In what weird parallel universe would Americans vote for abortion on demand, affirmative action, forced busing, licensing of gun owners and a ban on the death penalty? Whatever dangers lurk in a self-governing democracy, the American people have never, ever passed a law that led to the murder of 30 million unborn children.

Judges are not our dictators. The only reason the nation defers to rulings of the Supreme Court is the very Constitution the justices choose to ignore. At what point has the court made itself so ridiculous that we ignore it? What if the Supreme Court finds a constitutional right to cannibalism? How about fascism? Does the nation respond by passing a constitutional amendment clearly articulating that there is no right to cannibalism or fascism in the Constitution?
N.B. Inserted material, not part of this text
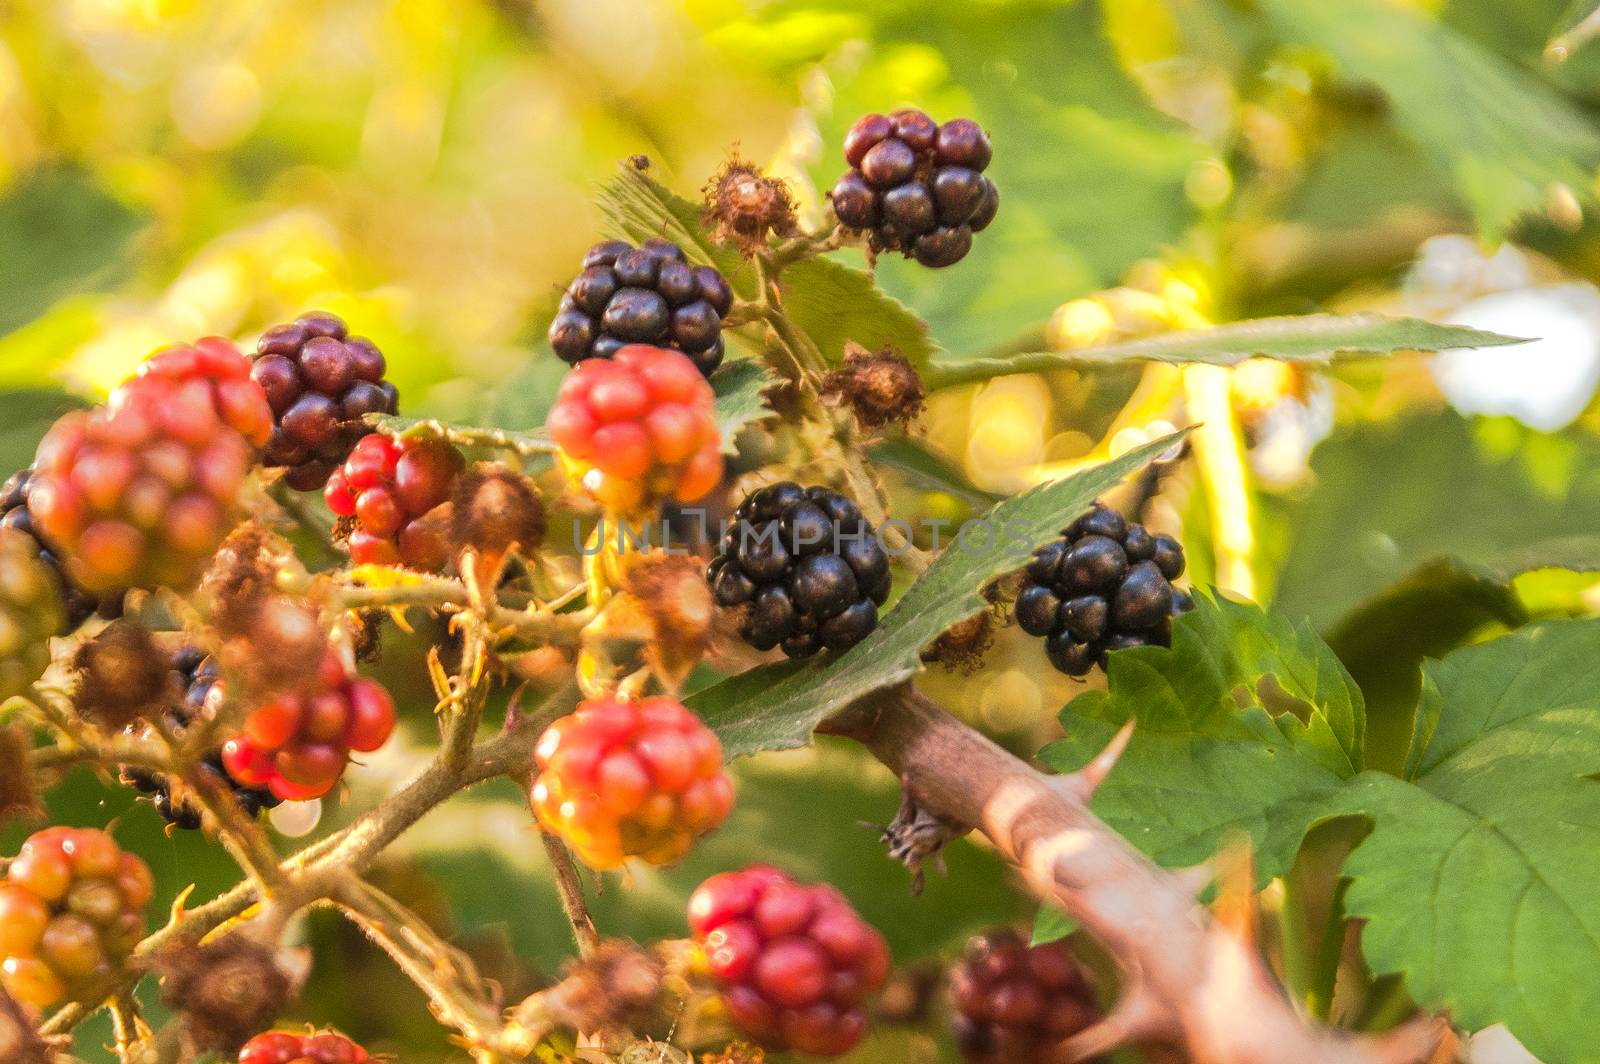 Blackberries ripened on the bush and speyuschaya in the evening sun
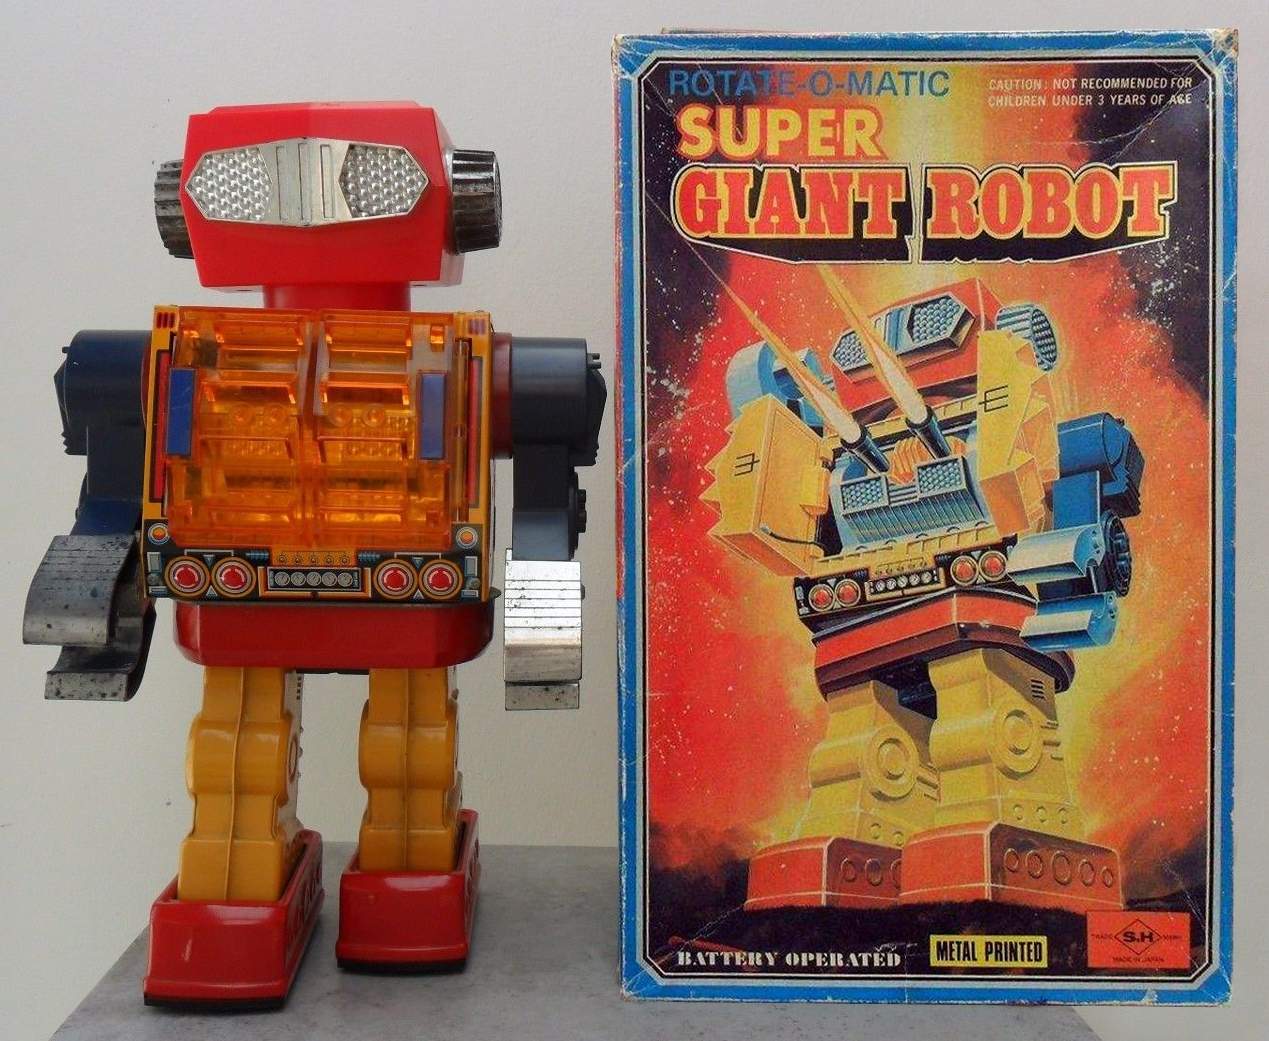 https://www.theoldrobots.com/images106/GiantRobot-1.JPG

Is there nothing five justices on the Supreme Court could proclaim that would finally lead a president to say: I refuse to pretend this is a legitimate ruling. Either the answer is no, and we are already living under a judicial dictatorship, or the answer is yes, and-as Churchill said-we’re just bickering over the price.

It would be nice to return to our federalist system of government with three equal branches of government and 50 states, but one branch refuses to live within that system. How about taking our chances with a President and the Congress? Two branches are better than one.

There may be practical difficulties with the President and the states ignoring the court’s abortion rulings-though there’s nothing unlawful about following the Constitution and I for one would love to see it. But there is absolutely no excuse for the Massachusetts legislature’s jumping when Massachusetts Supreme Court Chief Justice Margaret Marshall says “jump.”

Marshall, immigrant and wife of New York Times columnist Anthony Lewis, has recently proclaimed a right to gay marriage for all of Massachusetts. She has further demanded that the legislature rewrite the law in accordance with her wishes. One imagines Marshall leaping off the boat at Ellis Island and announcing: “I know just what this country needs! Anthony! Stop defending Pol Pot for five minutes and get me on a court!”

Granted, one can imagine how a woman married to the likes of Anthony Lewis might long for the sanctuary of a same-sex union. But that’s no reason to foist it on Massachusetts.

Ms. Marshall has as much right to proclaim a right to gay marriage from the Massachusetts Supreme Court as I do to proclaim it from my column. The Massachusetts legislature ought to ignore the court’s frivolous ruling-and cut the justices’ salaries if they try it again.